Necessity of Smc3 in Embryonic and Adult Hematopoiesis with an Emphasis on Myeloid Compartment

SMC3 encodes a subunit of cohesin associated with recurrent heterozygous mutations in acute myeloid leukemia (AML) and other myeloid malignancies. About one-third of these mutations are nonsense and splice-site mutations and the rest are missense. To understand whether these missense mutations might have dominant-negative effects or phenocopy loss-of-function effects, we compared the consequences of Smc3 deficient and haploinsufficient mouse models.

We found that homozygous deletion of Smc3 during embryogenesis (Smc3^fl/fl/Vav1-Cre^+/-) is embryonic lethal. Grossly, the E13.5 Smc3^fl/fl/Vav1-Cre^+/- embryos were indistinguishable in size and appearance from other genotypes, except the lack of obvious fetal livers and near complete absence of CD45+Gr1+CD11b+ fetal liver cells, consistent with myeloid biased hematopoietic failure.

Likewise, somatic deletion of homozygous Smc3 alleles in adult mice led to complete hematopoietic failure. In Smc3^fl/fl/ERT2-Cre^+/- mice, tamoxifen-induced Smc3 deletion led to rapid bone marrow (BM) failure and death. In competitive transplantation, the Smc3^fl/fl/ERT2-Cre^+/- BM cells were quickly outcompeted after tamoxifen treatment, indicating complete loss of hematopoietic stem/progenitor cell (HSPC) functions. Again, the effect was most pronounced within the myeloid compartment. Thus, Smc3 is necessary for both embryonic and adult hematopoiesis.

We examined the consequences of Smc3 haploinsufficiency using three mouse models: Smc3^fl/+/CMV-Cre^+/-, Smc3^fl/+/Vav1-Cre^+/-, and Smc3^fl/+/ERT2-Cre^+/- . We found that Smc3 haploinsufficiency led to a normal number of female pups in X-linked CMV-Cre intercrosses, and the female pups had no obvious defects in growth or blood counts, implying tolerance of embryonic heterozygous deletion of Smc3 . In ex vivo methylcellulose assays, Smc3 haploinsufficiency did not result in increased number of colonies, and the Smc3 haploinsufficient BM cells did not replate beyond two weeks. In competitive transplantations, we observed a significant competitive disadvantage in the Smc3^fl/+/ERT2-Cre^+/- BM cells, most pronounced in the Gr1+ myeloid cells.

The patterns of missense and nonsense mutations observed in AML patients suggested that SMC3 likely acts as a tumor suppressor, andthat haploinsufficiency would augment pre-leukemic self-renewal. However, we observed a competitive disadvantage across multiple experiments. This contradicts the competitive advantage observed when Smc3 haploinsufficiency was induced using Mx1-Cre (Viny et al . JEM 212 (11): 1819-1832). Therefore, we examined whether Smc3 haploinsufficiency might augment self-renewal under specific conditions of hematopoietic stress, including pIpC. We again observed a marked competitive disadvantage in the Smc3^fl/+/ERT2-Cre^+/- BM cells following tamoxifen induction, although the myeloid competitive disadvantage was partially ameliorated in the pIpC-treated group, whereas 5-FU treatment augmented the myeloid competitive disadvantage.

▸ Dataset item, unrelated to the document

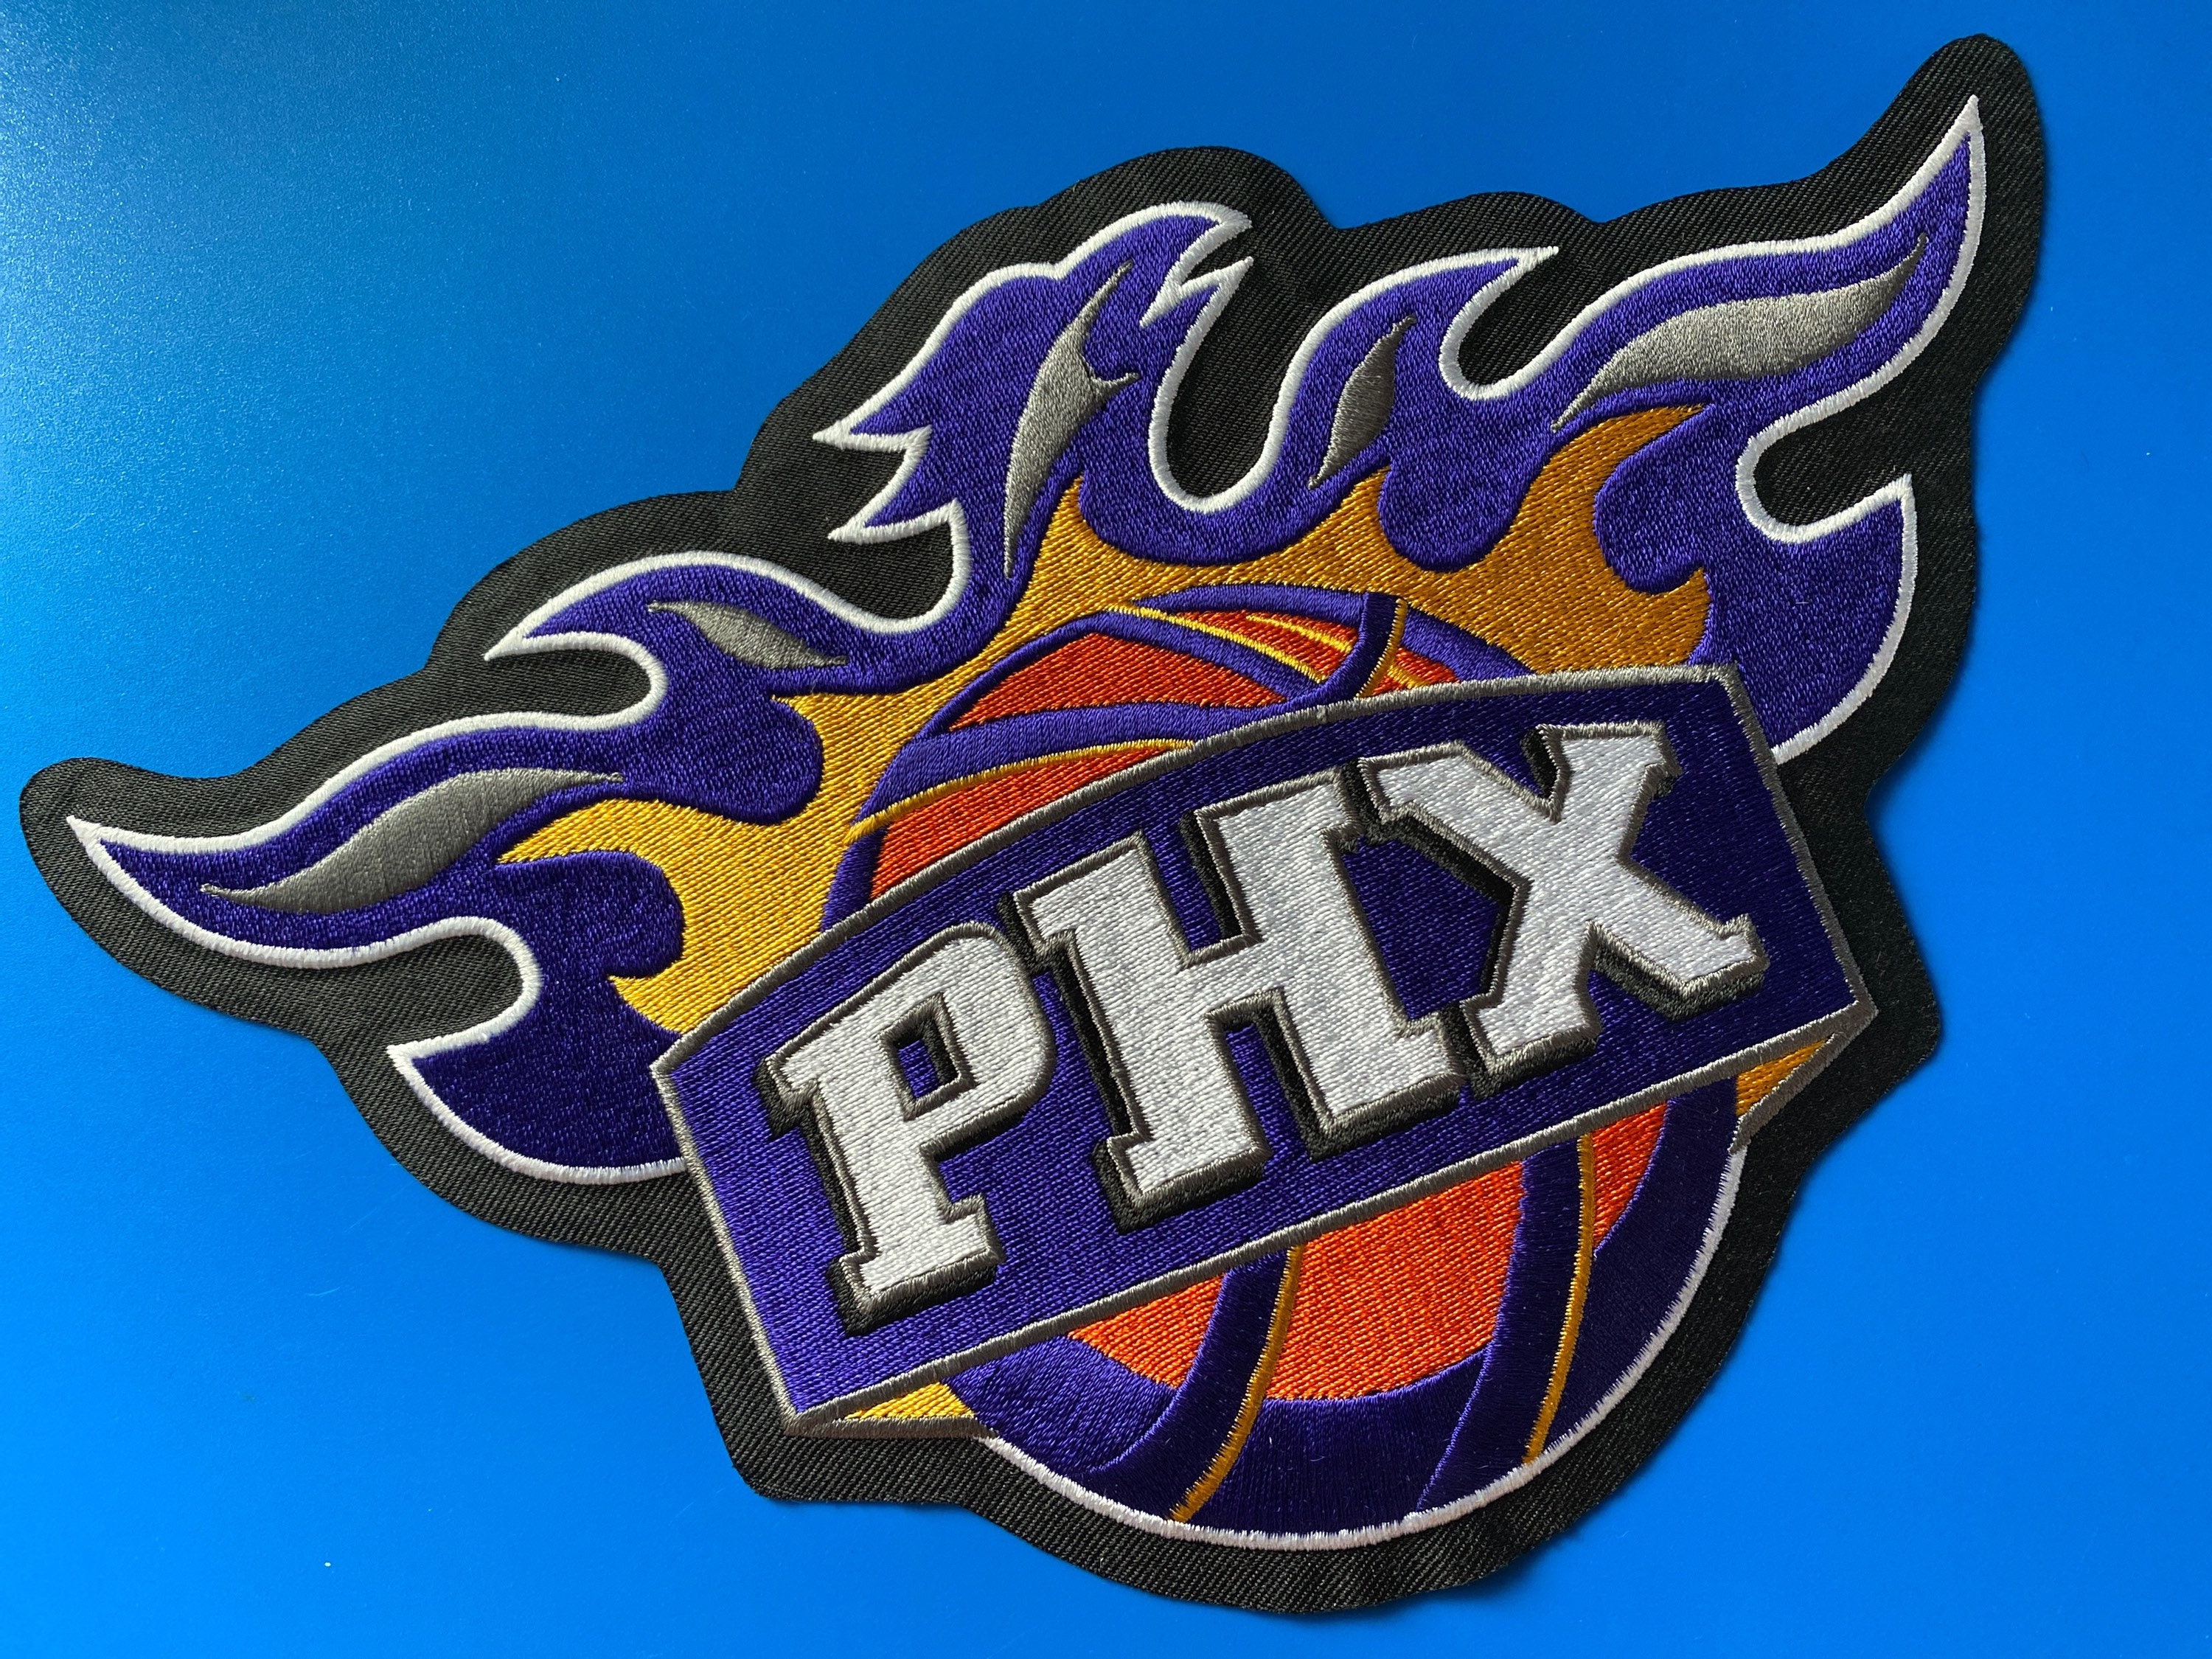 Phoenix Suns Players Stitched Jersey - Patch 6 - Vgear
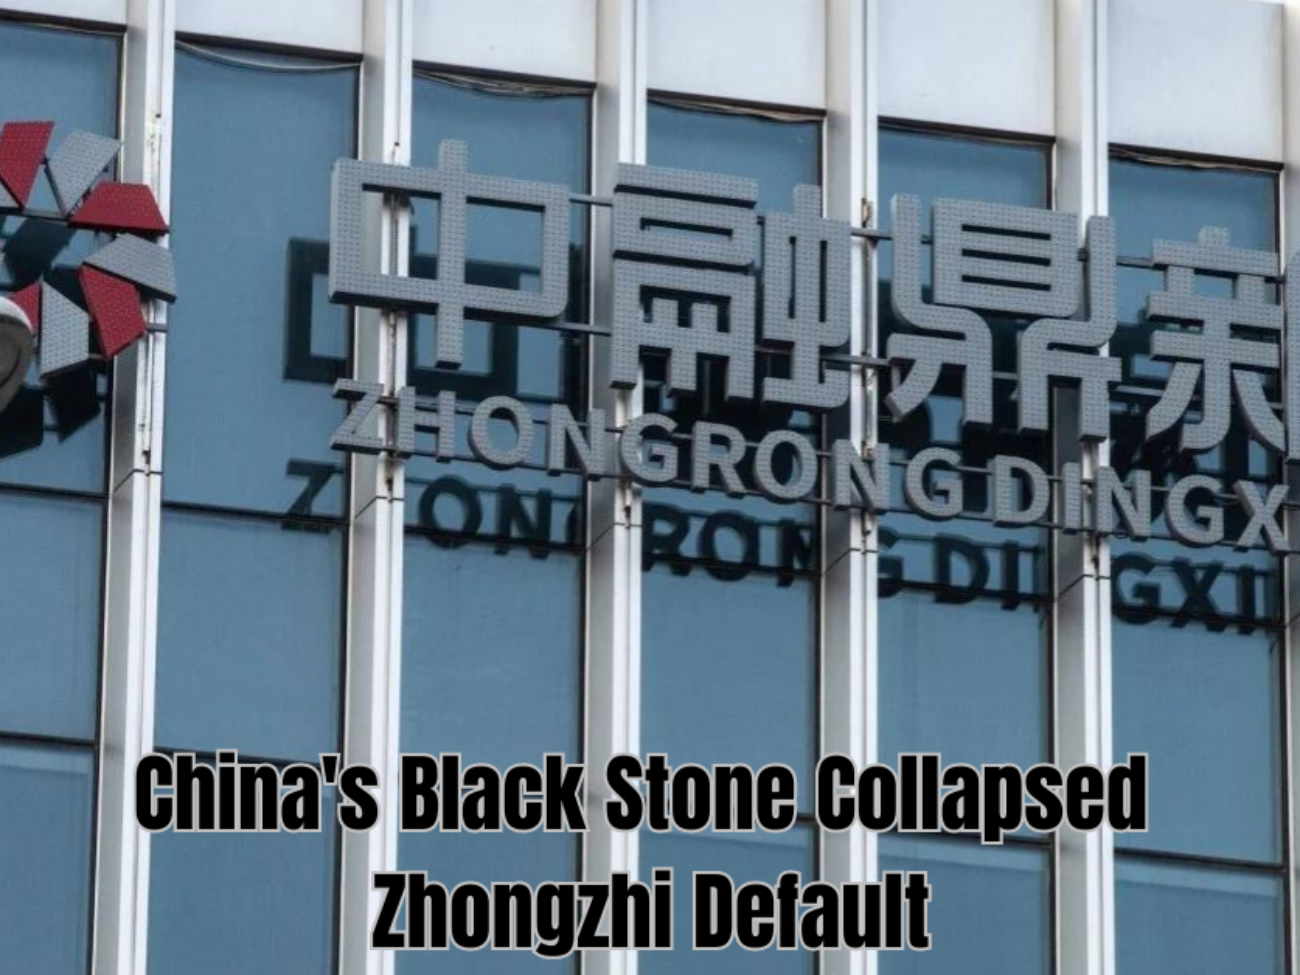 Zhongzhi Default

In AML patients, SMC3 mutations frequently co-occurred with DNMT3A mutations. We, therefore, asked whether Smc3 haploinsufficiency might lead to a competitive advantage if it occurred in the background of Dnmt3a haploinsufficiency. With the addition of Dnmt3a haploinsufficiency, the severe myeloid competitive disadvantage was partially abrogated, but the significant competitive disadvantage in other lineages remained intact; even with constitutive Dnmt3a haploinsufficiency, Smc3 haploinsufficiency did not result in competitive growth of BM cells.

In summary, our data demonstrate that homozygous Smc3 deletion was incompatible with embryonic or adult hematopoiesis, with the greatest defects noted within myeloid compartment, indicating that AML-associated SMC3 mutations are unlikely to have dominant-negative effects. Smc3 haploinsufficiency resulted in a myeloid competitive disadvantage, which was partially ameliorated by pIpC treatment, and accelerated by the stem cell stress of 5-FU. In the presence of concurrent Dnmt3a haploinsufficiency, the myeloid disadvantage was partially abrogated, while the disadvantage in other lineages remained unperturbed, suggesting interactions between the mutations.